You stand by the bus stop to contemplate upon traveling to Lagos or Ibadan to get another bus, your earpiece blasting sad tunes from your favorite musician Regina Spektor. You swayed your shoulders to the left and then to the right, singing along offhandedly.
You missed the call of another Abuja bus conductor calling aggressively for three more passengers. You move slowly towards the Ibadan cabs, the extra fare that you would need to pay to get to Ibadan turns your stomach. You bite your tongue and wonder why you had punished yourself. You mistook the driver’s gesture of trying to point you to the fact that the Abuja bus still had two more seats, to him insulting you because you felt embarrassed when you caught some people watching you as you did a dance move that you had practiced overtime.
You trembled at his huge tribal marks; a warning rang in your head not to exchange words with him so you turn quietly towards the cab. You entered his cab and sat down at the front seat, ready to go to Ibadan. Then your earpiece falls off and you hear ‘Abuja one, Abuja Enikan’. You jumped from the Ibadan cab forgetting about the restraint of the seat belt and fell back. You slowly detach the belt and made your way to the Abuja bound bus only to meet the pretty girl who lived next door whom the neighbors had told you said that you were proud and arrogant, going towards the same bus.

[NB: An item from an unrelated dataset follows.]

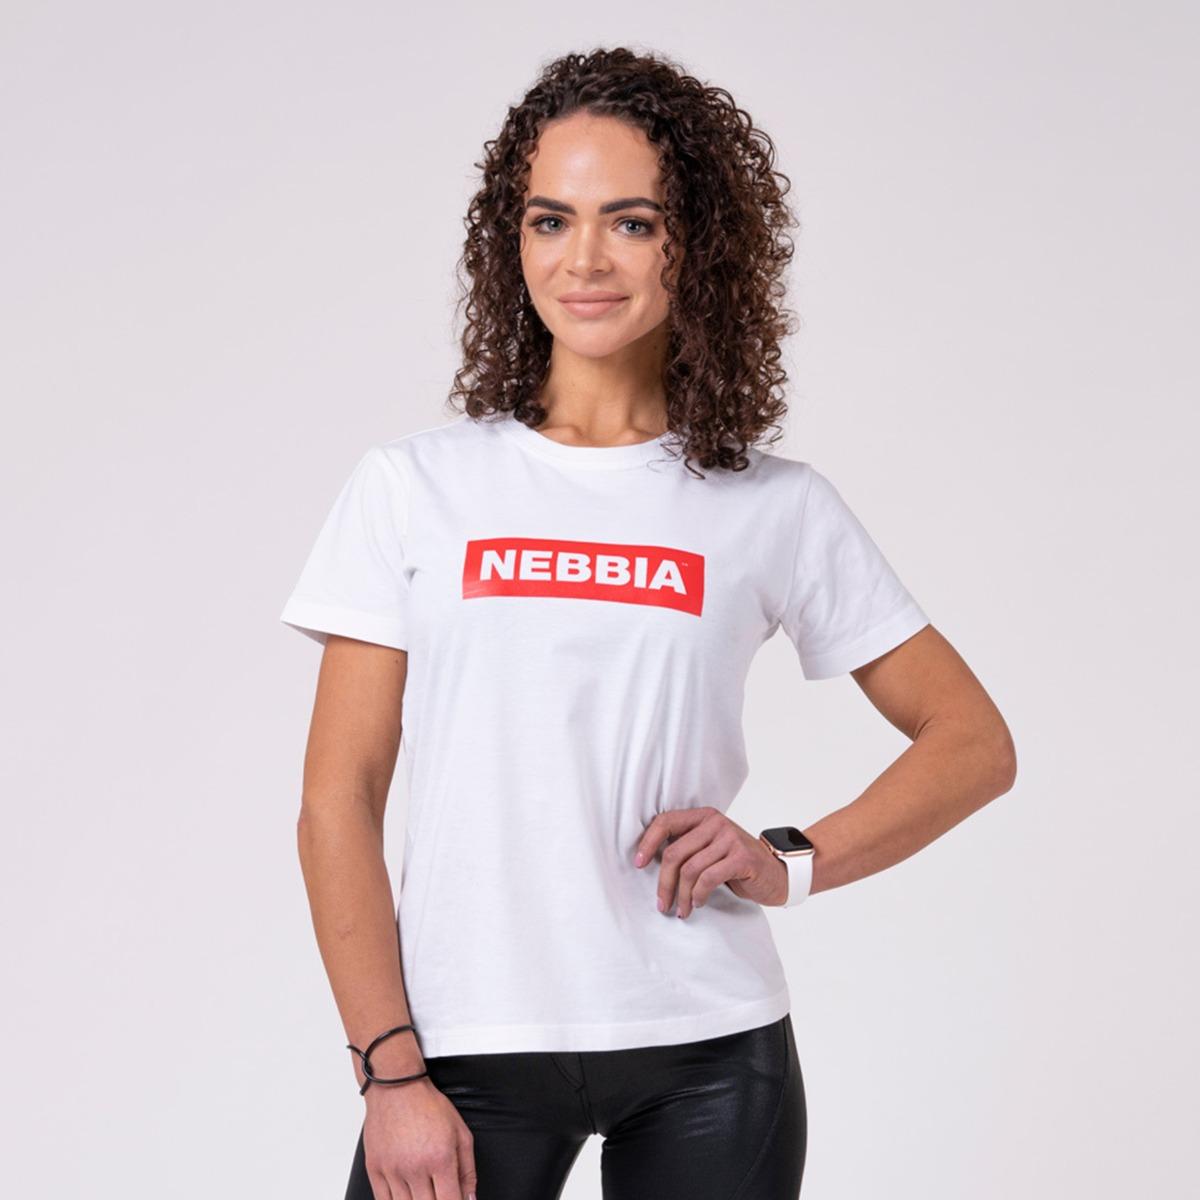 Dámské tričko Basic White - NEBBIA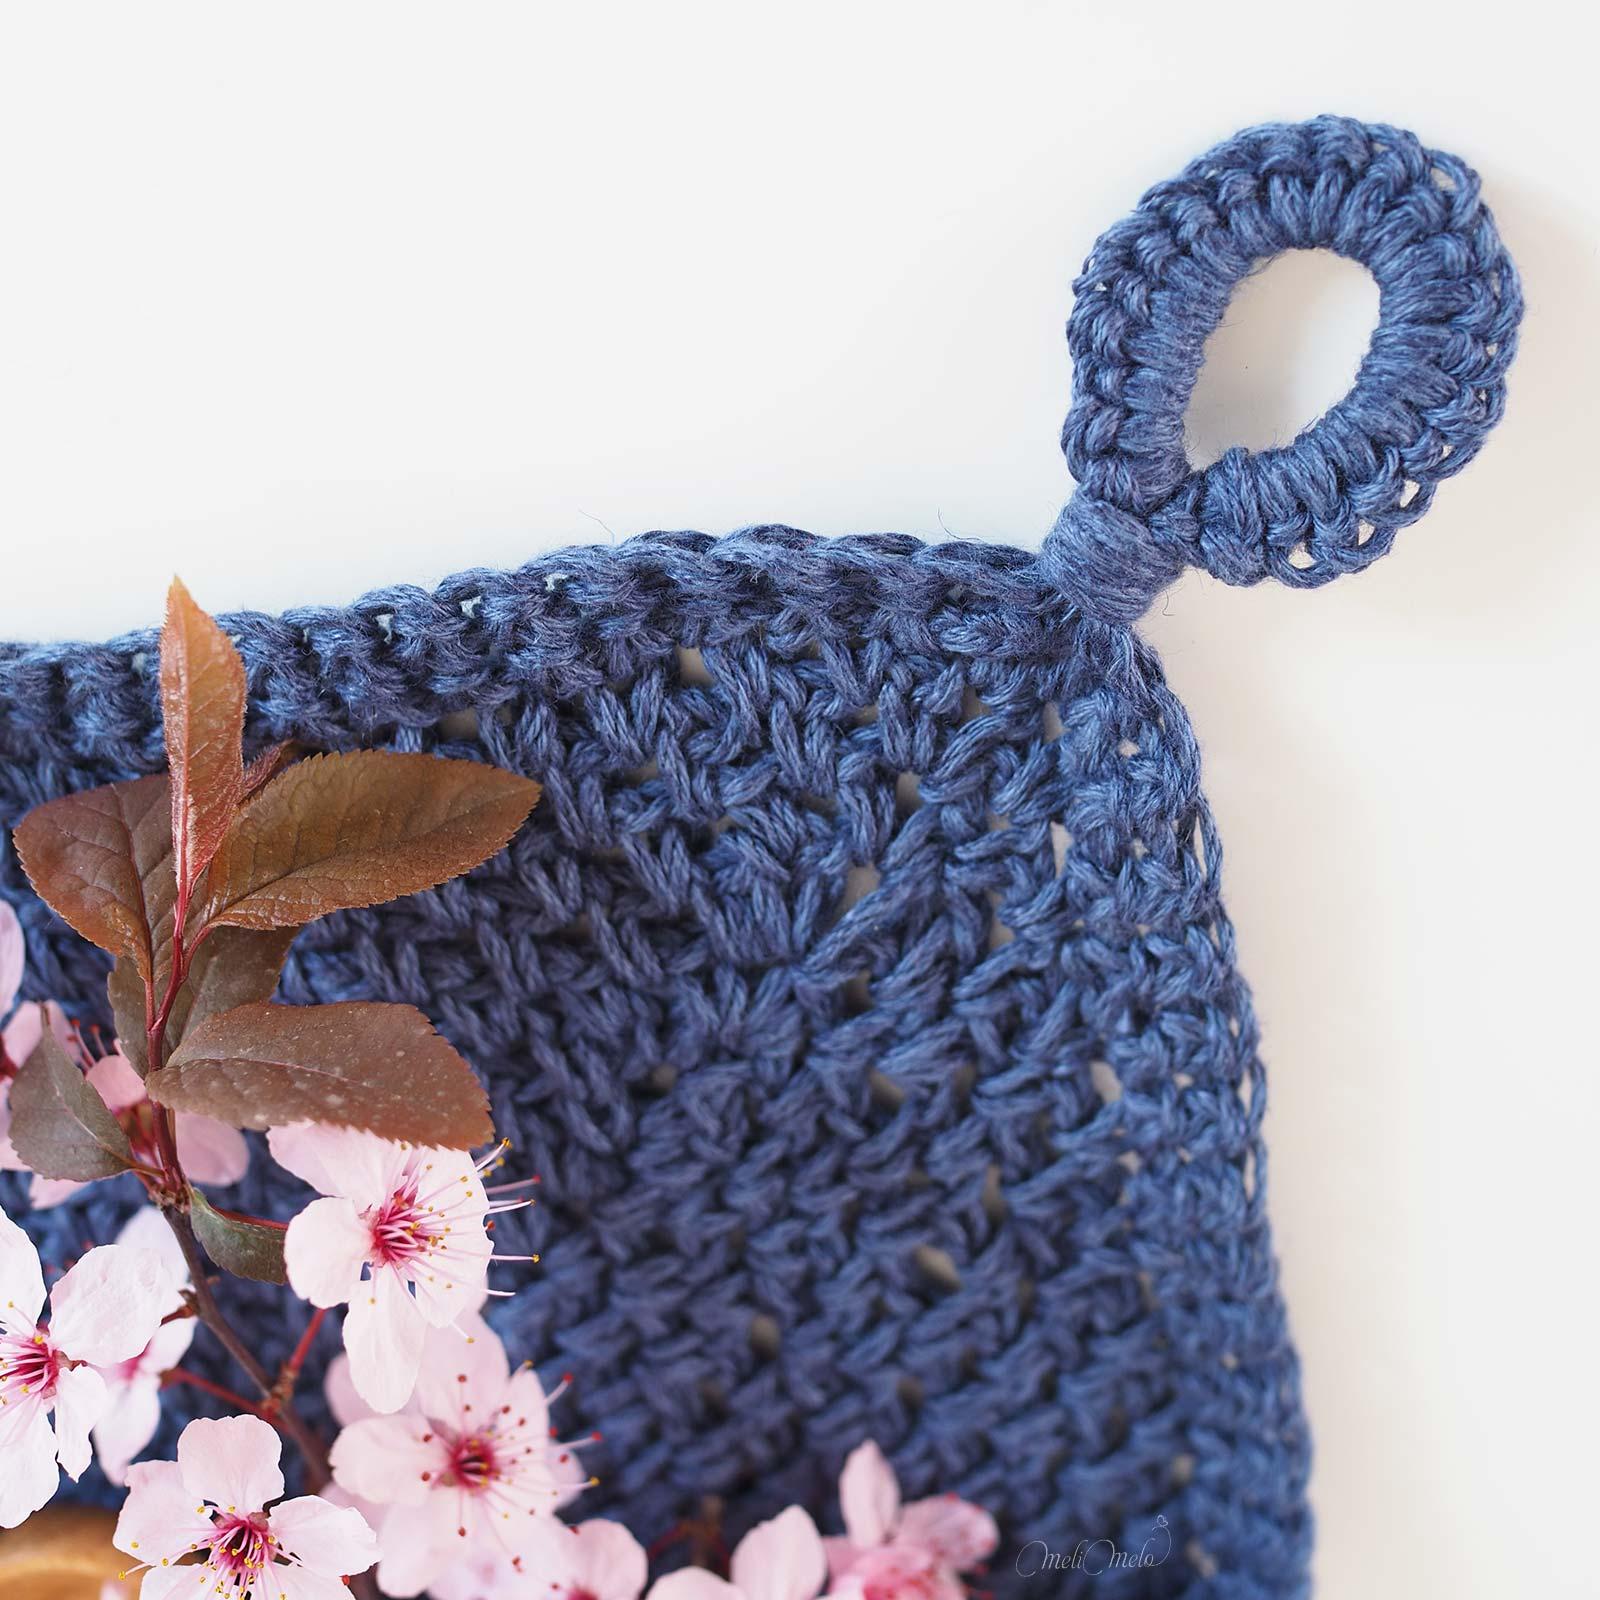 crochet-hook-bramble-basket-drops-bomull-lin-laboutiquedemelimelo

You keep walking, eyes on the prize, seriously concentrating and pretending as though you had not seen her. Then you get to the bus before her, you notice that she had seen you make the last minute dash for the last seat on the bus, yet she still kept coming towards the bus, smiling as though she had just won a lottery.
“You are David Agboola, are you not?” she said as she spoke to you, her face still aglow with that victorious seeming air as she got nearer to the bus. You couldn’t find your voice and hoped that you never find it so that you would not have to say something wrong, so you nod instead. She brought something that looked all too familiar from her hand bag that had the letters MUSCHINO largely printed on it, evidence that it was probably a knockoff; that was when you realized that you had misplaced your wallet. Your hand went straight to your back pocket to seek succor but you were left disappointed.
She had made the effort to bring you the wallet all the way from your house at this hour of the day; it suddenly began to dawn on you that she expected gratitude as she handed the naira filled wallet over to you. There would have been no way for you to pay for the bus that had gone earlier, if you had not missed it, you manage a grunt and suddenly felt out rightly emotional and since words were failing you, so you get off the bus and gave her a hug.